7.11.2009

On The List :: Rural Alberta Advantage @ The Echo [7.10.09]


It's the little things that matter; like the tiny (maybe pink) twist-tie around keyboardist Amy Cole's right-pinkie finger. Set against a back-drop of old Smiths' videos at the Echo, The Rural Alberta Advantage bring their admittedly small group of songs to Los Angeles for the first time. The band is visibly impressed by the size and energy of the crowd. The crowd, if we can speak in the universal plural, is visibly impressed by the band. And this might be a small coincidence but it really counts.

For a first-record tour, the band has no choice but to play their album. There is an earnestness (though I suspect they will tire of this description in time) or a forthrightness about playing your catalogue in full that suits the band well. Breezing through album favorites "Four Night Rider," "Edmonton" and "Don't Haunt This Place" in an eire blue and pink light, lead singer Nils Edenloff is every bit the cathartic frontman. These songs are crushingly personal; about places and things that are or were deeply affecting. Before the rolling "Frank, AB," Edenloff explains the song's genesis in a town of the same name and the lethal rock-slide left unexcavated for thirty years. "It's creepy but I guess it's good for a dance song." Edenloff laughs a little and the Smiths' DVD loop begins to show a live performance of "Girlfriend In A Coma."

Headed undeniably for an encore the band leaves the stage. Edenhoff comes back alone armed only with a moving cover of "Eye of the Tiger." It is unironic, if this is possible, and not entirely devoid of the athletic overtones of the original; "I got claw-finger there for a minute," says Edenloff. Cole and drummer Paul Banwatt return to the stage. It would be easy to make the Neutral Milk Hotel comparison as the title screen for "Stop Me If You Think You've Heard This One Before" flashes across the backdrop. But the crowd isn't stopping this band. For a second encore, Banwatt says, "really, we've only got one more song." The crowd keeps clapping. He means it and so do we. And that might be a small coincidence but it counts.

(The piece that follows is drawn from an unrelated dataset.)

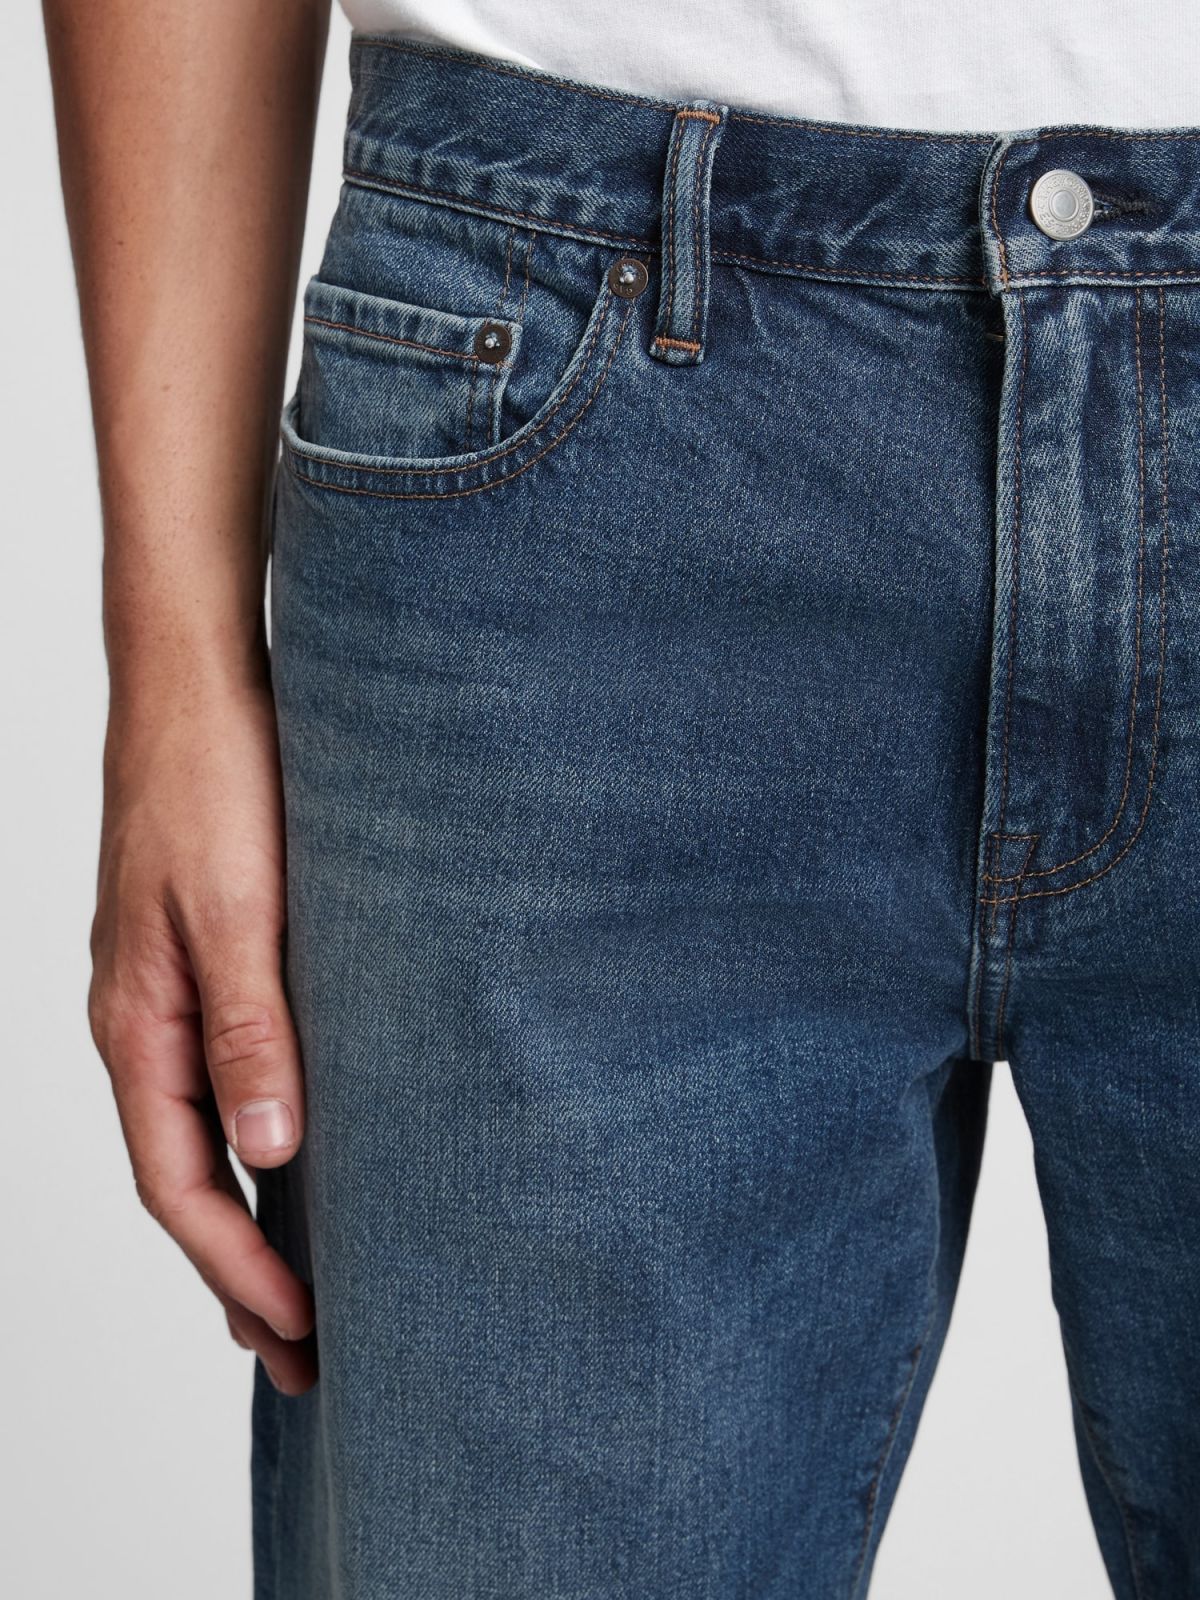  ג'ינס ווש בגזרה ישרה של GAP

Listen :: The Rural Alberta Advantage - "Don't Haunt This Place"
Bonus :: The Rural Alberta Advantage - "Frank, AB"

2 comments:

Blas said...

really enjoyed dont haunt this place, its got some sort of innocent feel to it.

32feet said...

this band is going to get super sick of being called "innocent" and "earnest" and whatever other adjectives i probably used too. fact is, americans shouldn't look to canada for earnesty. we should try to do it ourselves. that being said, i love this band. great album, great live show.